The spring factor is the ratio of the force acting on the spring to the displacement of the spring. The letter k stands for it. Hooke's law is used to calculate it. It never changes (constant).
The spring factor is the force acting on the unit extension formed.
The stress exerted by both springs is the same when two springs are paired in series. The total extension (x) is equal to the number of the individual extensions.
\[ \Rightarrow {\text{X}} = {{\text{X}}_1} + {{\text{X}}_2}\]
\[\dfrac{F}{{ - {K_{eq}}}} = \dfrac{F}{{ - {K_1}}} + \dfrac{F}{{ - {K_2}}}\]
\[ \Rightarrow \dfrac{1}{{{{\text{K}}_{{\text{eq}}}}}} = \dfrac{1}{{{{\text{K}}_1}}} + \dfrac{1}{{{{\text{K}}_2}}}\]
\[{{\text{K}}_{{\text{eq}}}} = \dfrac{{{{\text{K}}_1}\;{{\text{K}}_2}}}{{\;{{\text{K}}_1} + {{\text{K}}_2}}}\]
When two springs are connected in a parallel configuration, the net force encountered is the sum of the forces experienced by both springs. The extension, though, will remain the same.
\[{{\text{F}}_{{\text{eq}}}} = {{\text{F}}_1} + {{\text{F}}_2}\]
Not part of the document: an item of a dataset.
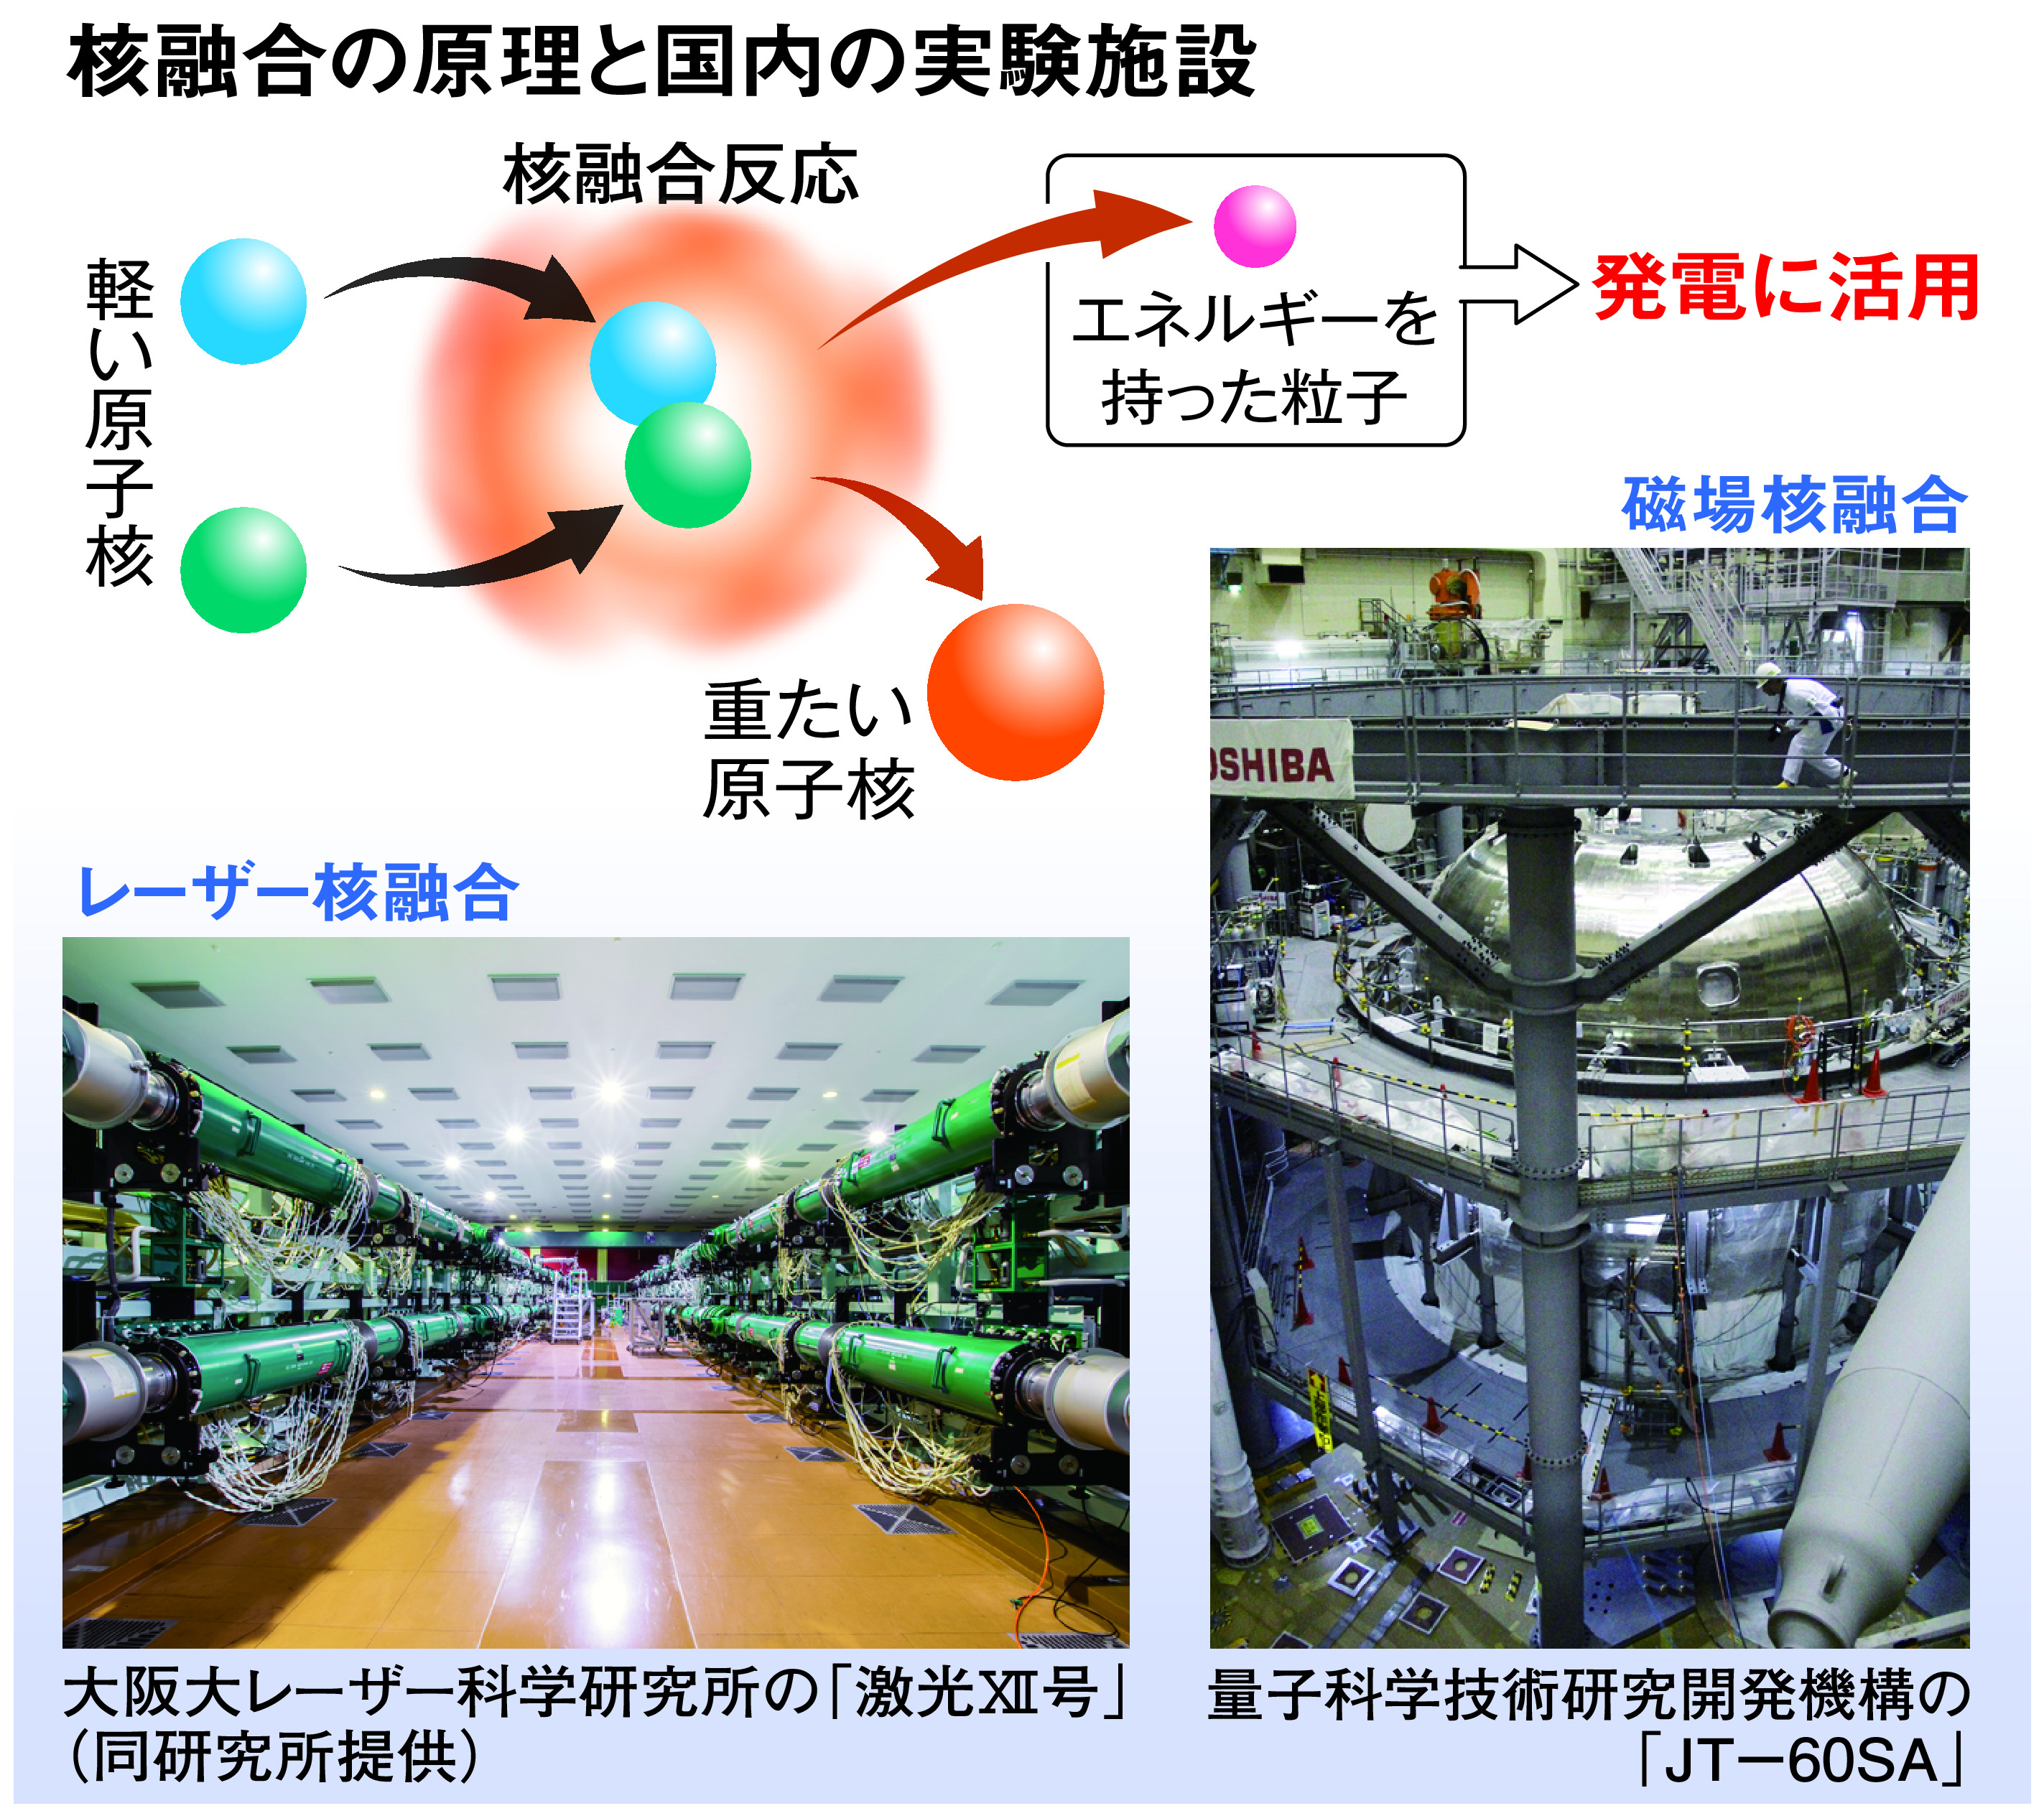 核融合エネルギー、実用化に前進 研究加速も日本には「軍事」の

\[{{\text{K}}_{{\text{eq}}}}X = {{\text{K}}_1}{\text{X}} + {{\text{K}}_2}{\text{X}}\]
\[ \Rightarrow {{\text{K}}_{{\text{eq}}}} = {{\text{K}}_1} + {{\text{K}}_2}\]
Note: The spring's force constant is determined by the material and construction of the spring. The minus sign denotes that the spring's momentum is in the opposite direction of its displacement.
Hooke's rule is usually followed by coil springs and other popular springs. There are some useful springs that do not: beam bending springs, for example, can create forces that differ nonlinearly with displacement.
Complete answer:
A spring's rate, or spring constant, is equal to the change in force it exerts divided by the change in deflection. That is, it is the force minus deflection curve's gradient. The rate of a compression or extension spring is measured in units of force separated by size.
The spring factor is the ratio of the force acting on the spring to the displacement of the spring. The letter k stands for it. Hooke's law is used to calculate it. It never changes (constant).
The spring factor is the force acting on the unit extension formed.
The stress exerted by both springs is the same when two springs are paired in series. The total extension (x) is equal to the number of the individual extensions.
\[ \Rightarrow {\text{X}} = {{\text{X}}_1} + {{\text{X}}_2}\]
\[\dfrac{F}{{ - {K_{eq}}}} = \dfrac{F}{{ - {K_1}}} + \dfrac{F}{{ - {K_2}}}\]
\[ \Rightarrow \dfrac{1}{{{{\text{K}}_{{\text{eq}}}}}} = \dfrac{1}{{{{\text{K}}_1}}} + \dfrac{1}{{{{\text{K}}_2}}}\]
\[{{\text{K}}_{{\text{eq}}}} = \dfrac{{{{\text{K}}_1}\;{{\text{K}}_2}}}{{\;{{\text{K}}_1} + {{\text{K}}_2}}}\]
When two springs are connected in a parallel configuration, the net force encountered is the sum of the forces experienced by both springs. The extension, though, will remain the same.
\[{{\text{F}}_{{\text{eq}}}} = {{\text{F}}_1} + {{\text{F}}_2}\]
\[{{\text{K}}_{{\text{eq}}}}X = {{\text{K}}_1}{\text{X}} + {{\text{K}}_2}{\text{X}}\]
\[ \Rightarrow {{\text{K}}_{{\text{eq}}}} = {{\text{K}}_1} + {{\text{K}}_2}\]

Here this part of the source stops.